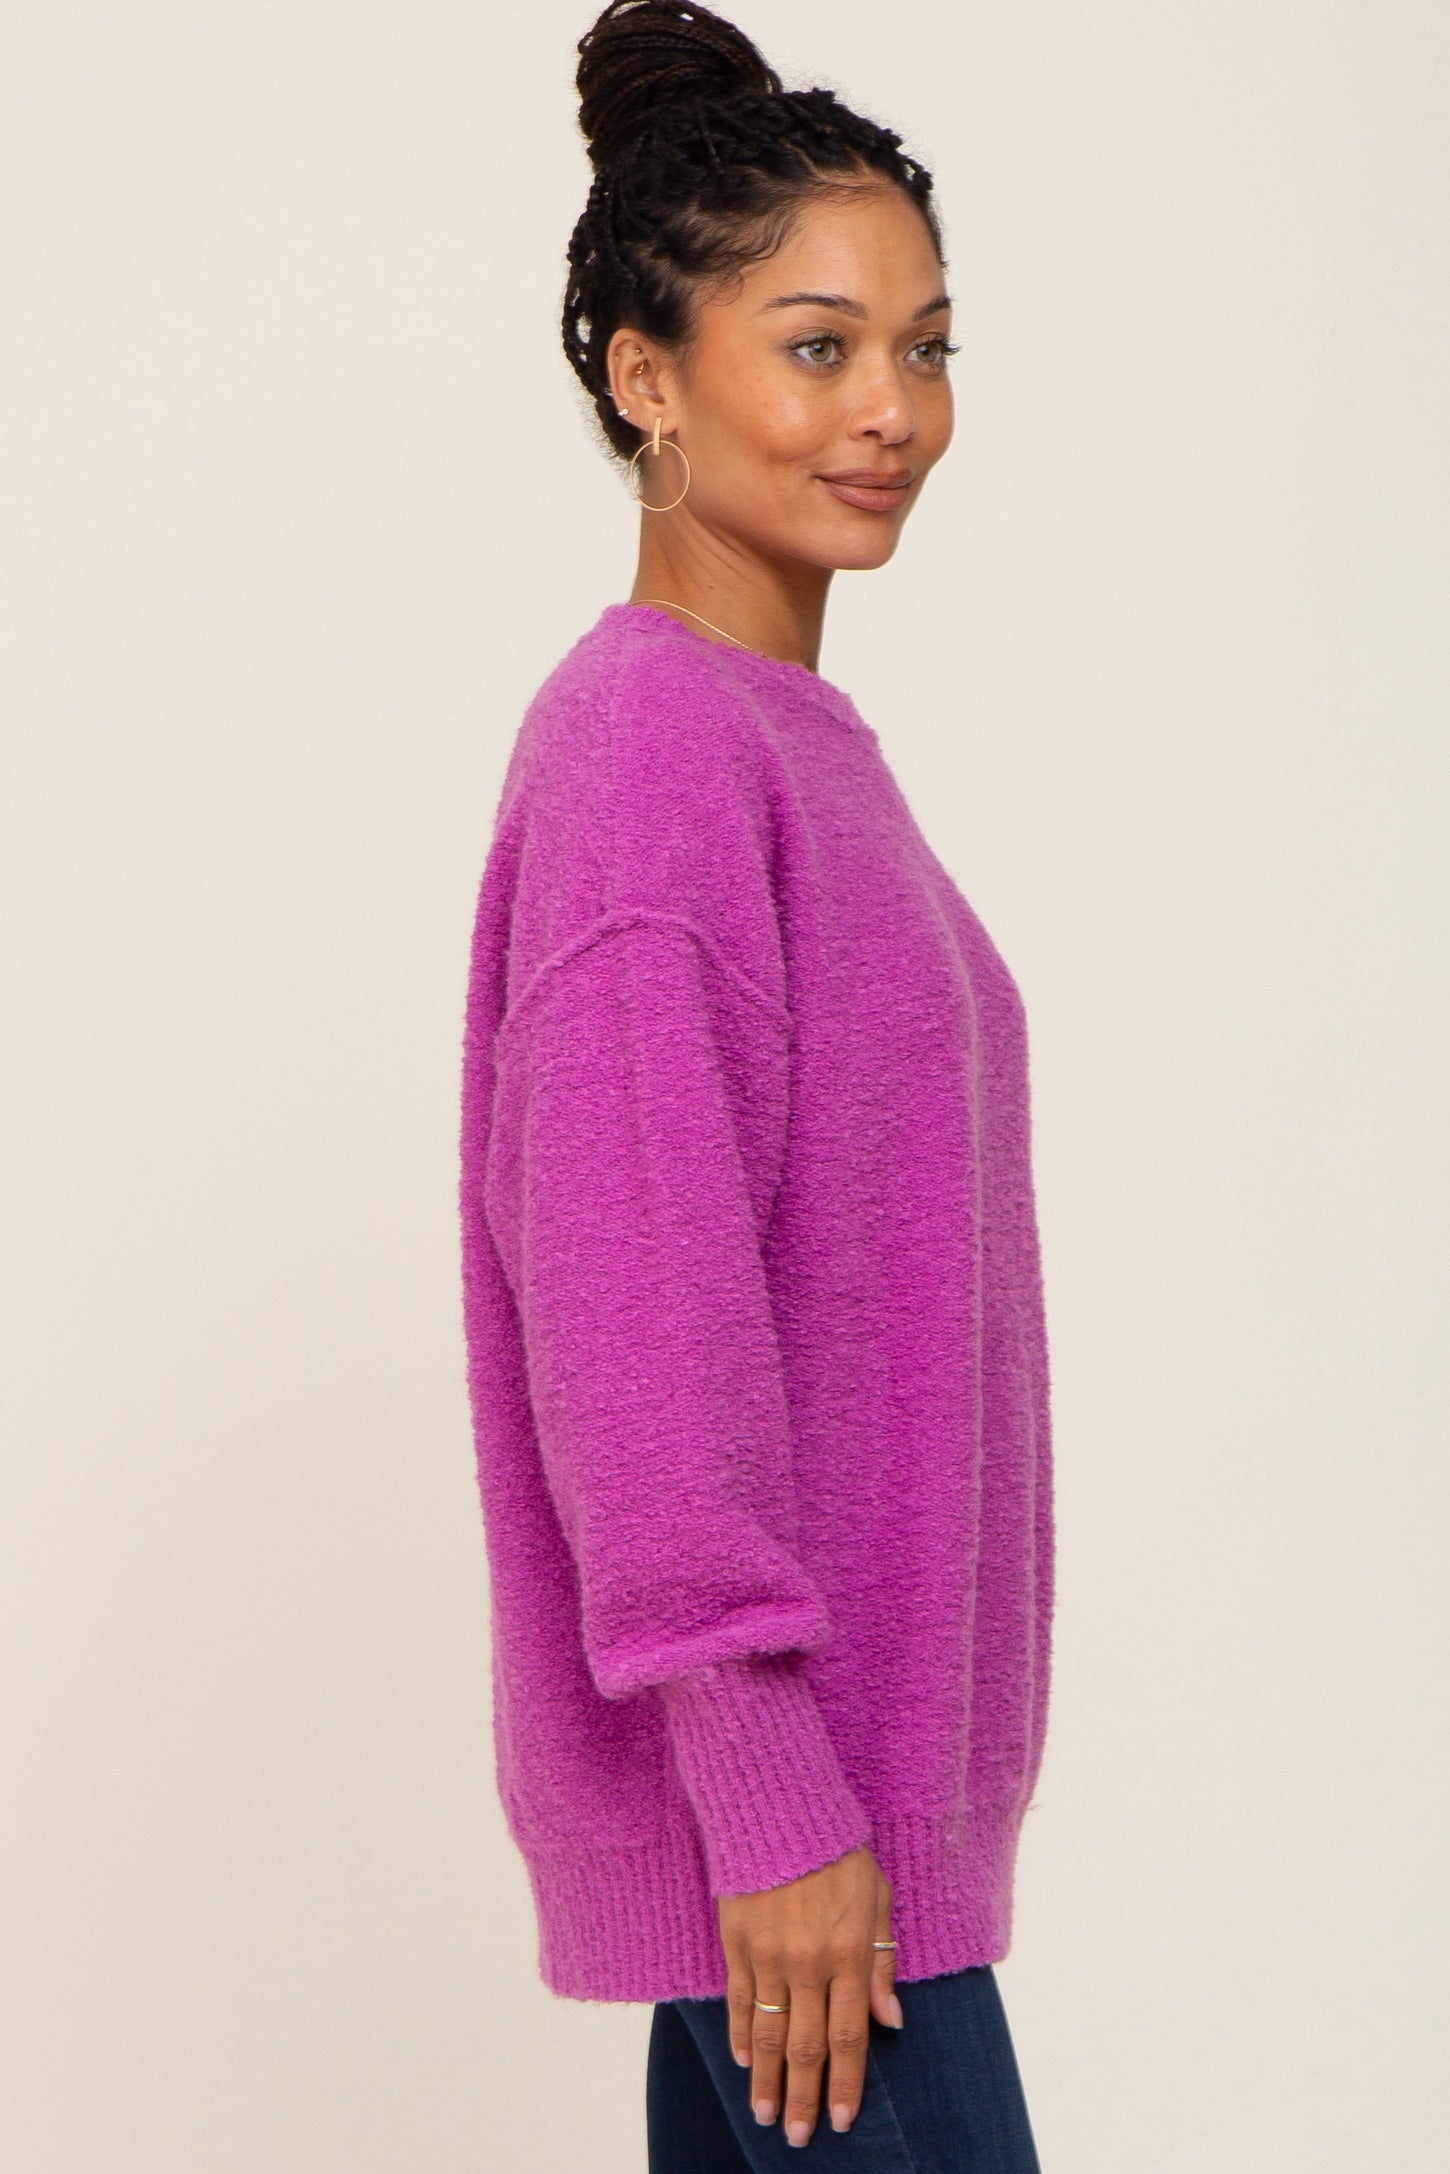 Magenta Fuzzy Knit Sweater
* * *
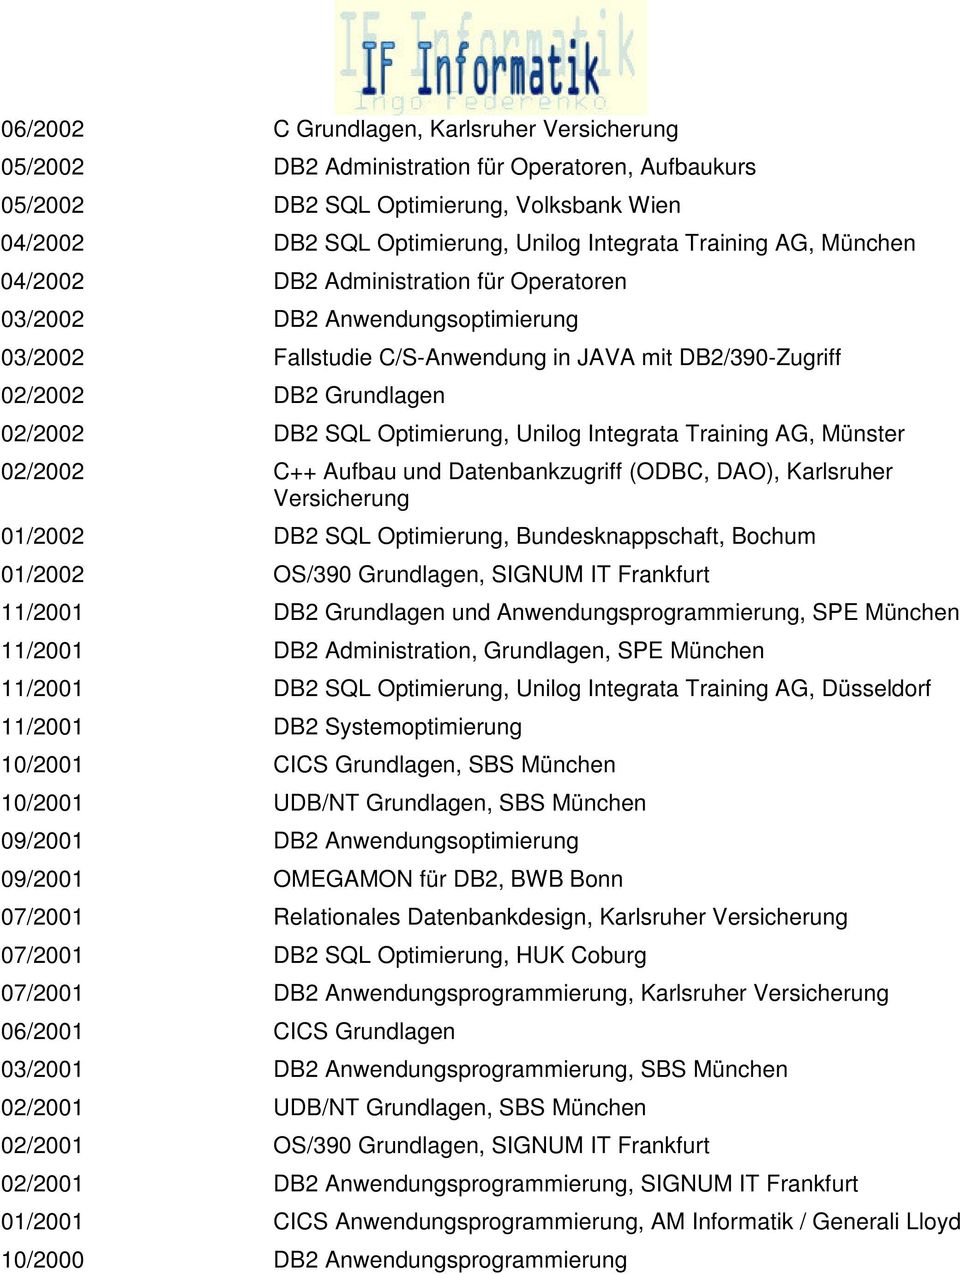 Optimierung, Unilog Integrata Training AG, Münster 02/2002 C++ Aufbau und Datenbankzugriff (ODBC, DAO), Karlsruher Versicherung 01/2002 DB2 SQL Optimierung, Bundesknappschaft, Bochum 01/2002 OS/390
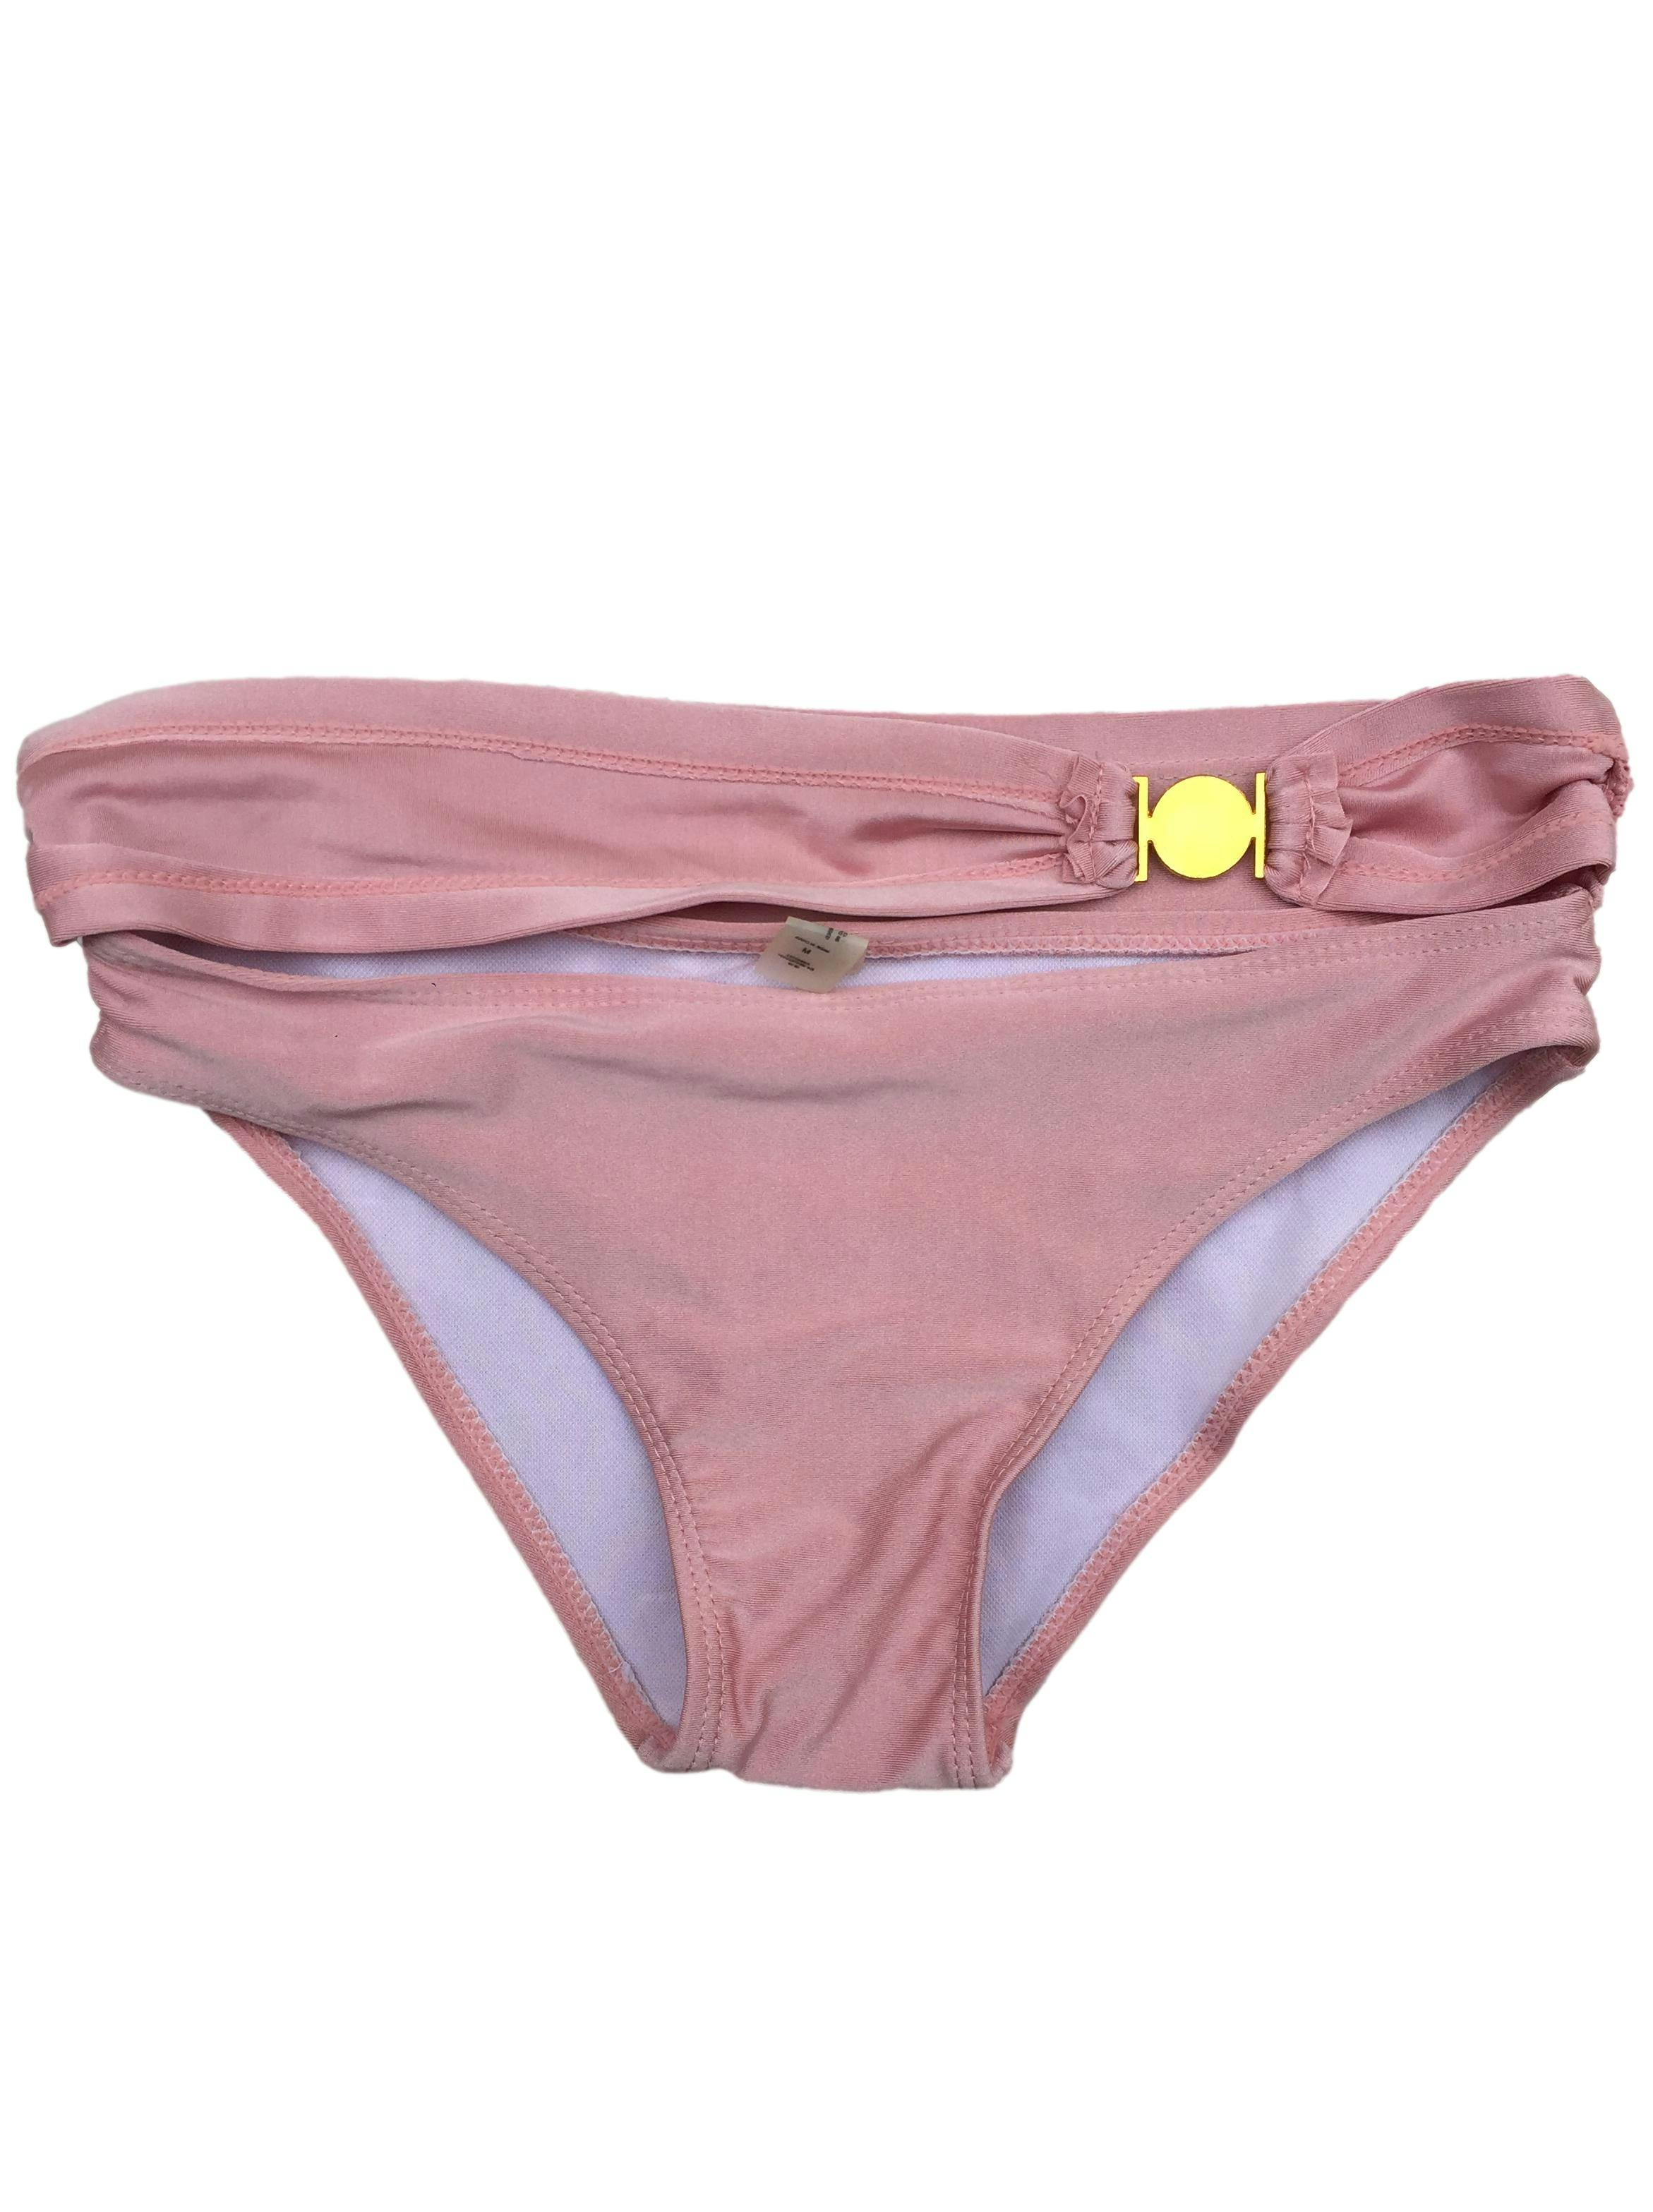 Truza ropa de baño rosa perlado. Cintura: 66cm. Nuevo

▸ What needs to be done
Within the listing above, the lines from the one with "Optimierung, Unilog Integrata" through the one with "Truza ropa de" are to be given again word for word. Do not include pictures.

▸ Response box
 Optimierung, Unilog Integrata Training AG, Münster 02/2002 C++ Aufbau und Datenbankzugriff (ODBC, DAO), Karlsruher Versicherung 01/2002 DB2 SQL Optimierung, Bundesknappschaft, Bochum 01/2002 OS/390
 Truza ropa de baño rosa perlado. Cintura: 66cm. Nuevo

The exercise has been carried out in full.